In truth, she also thrives on having something to kick against. "My determination to prove them wrong was a factor. They are the two people I want to impress most in the world. You want your mum and dad to be proud of you and think that you're great. They were often the only two people who weren't telling me to go for it - because they were the two people who cared the most, really. It wasn't going to matter as much to anyone else."

Now, naturally, they are thrilled for her. But what finally won through, luck or talent? Tunstall thinks carefully. "Both those things, plus you've got to be proactive. You've got to try to make it happen. You can't just sit there and expect it to come to you."

For years she resisted moving to London. She had also been advised to ditch her band, and refused. But, at 27, she had to make the break. She saved for several weeks to buy a cheap return ticket to London. "I remember really clearly getting on the train at Leuchars with my guitar and my bag, ready to sleep on my friend's floor for a month. The train pulled in and I thought, 'I wonder if my life will be different when I get back off this train.' I had this very romantic moment when I thought, 'Come on, come back with a different situation.'"

Over the years she had gathered the phone numbers of people who might one day help her. "I just called them all up. I have my diary from those two weeks and it's just crammed with meetings with as many people as possible. I can hardly remember now how I did it, but I just picked up the phone and got stuck in."

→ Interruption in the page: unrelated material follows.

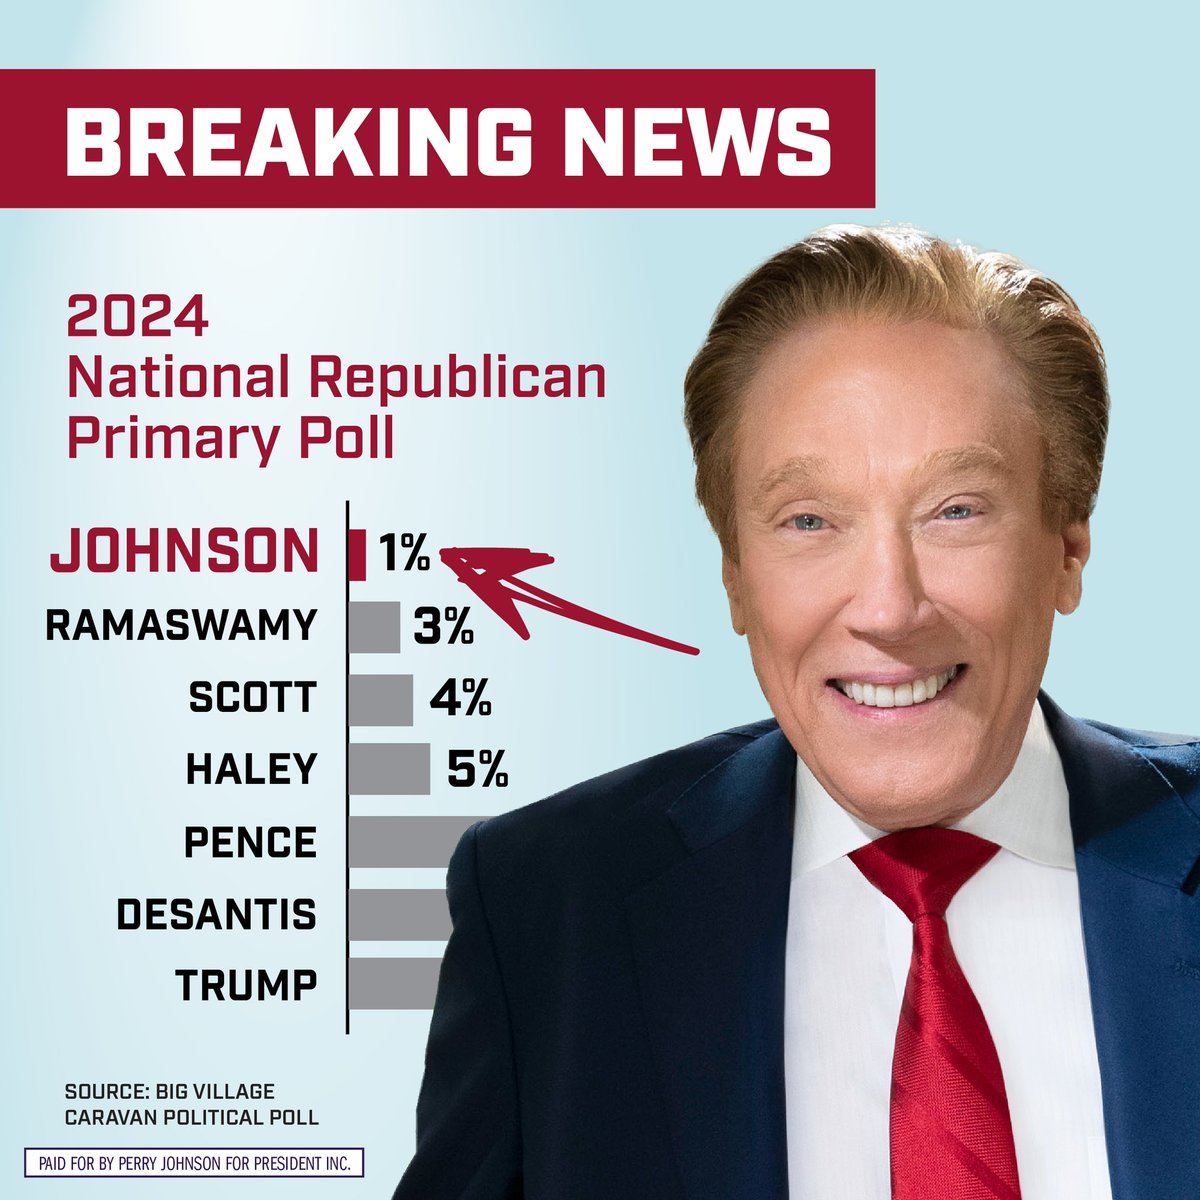 We are now breaking through in national polling & meeting the 1% threshold needed to get into the RNC debates.  Now we just need 40k donors to get on that stage & bring attention to our country’s addiction to debt & spending YOUR money!

Donate $1 ➡️ perryjohnson.com/donate

One of her contacts advised her to get a publishing deal for her songwriting before she got a recording contract. "That way you don't have to sign the recording deal for money," she says. "You can sign the right deal so that you get a decent contract and are not desperate for the advance - which can often mean you are tied up in a situation you wouldn't want, contractually or creatively."

Tunstall secured a small publishing deal and phoned a London agent who had been encouraging in the past. He agreed to manage her. "He told me the same week that he was going to pack in music because he was so disenchanted with it. He just felt that good music wasn't getting through. So we saved each other, really, and he has become a very good friend."

A record deal with Sony followed, and then that fateful, last-minute appearance on Jools Holland, when another artist pulled out. Tunstall sang 'Black Horse and the Cherry Tree' and wowed viewers, who voted hers the top performance of the evening. Does she worry that the success genie will disappear back into the lamp as quickly as it appeared? "No, not at all. The great thing is that I've got into this situation where, wherever I go, I could do a gig and have 100 people turn up. That, to me, is success. It's just brilliant. If it all falls to pieces, and I don't have a record deal, it could end up being a pretty frugal lifestyle, but I don't mind that. I've been there before and I've been very happy doing that."

It strikes me that Tunstall has two important attributes in life: sense of purpose and lack of fear. In the happiness stakes, that's pretty much the winning lottery line. She knows what she wants to do and is not frightened to reach for it. She also has a partner: her band's drummer. "The emotional side doesn't obstruct us working together. It's very important for me to be in a relationship where both of you understand what you do. And my friends too. That's the one down side of all this, if there can be one. I haven't seen my friends this year. But, you know, I spent ten years hanging out with them!"

Tunstall is now 30 in a youth-dominated industry. Before she got her break, she was told she was on the wrong side of 25. "I just found it incredible. I thought, 'What do you want? You want a singer-songwriter, but you want someone who doesn't have very much... not so much life experience, because I thoroughly believe that you have enough experience at 20 to write five albums. It's working out how to express that in an original way, in your own voice and your own words. People like Bob Dylan and Kate Bush managed it as teenagers, but there are so few people on the planet who are capable of that. It is a very special person who can go out and be original and sincere at 20."

She is quite sunny. Angst-ridden music that is simply 'airing laundry' doesn't appeal. "I like a balance. I don't think anyone is depressed all the time, and if they are then maybe it's time to talk to someone."

But she is also sassy. "Attitude problem," she jokes. "I seem to have a reputation for being fiery in interviews, but I wouldn't call myself fiery. Creatively, really, is where you will see the beast in me raise its head. If there's a battle I've got to fight, I will fight, no problem."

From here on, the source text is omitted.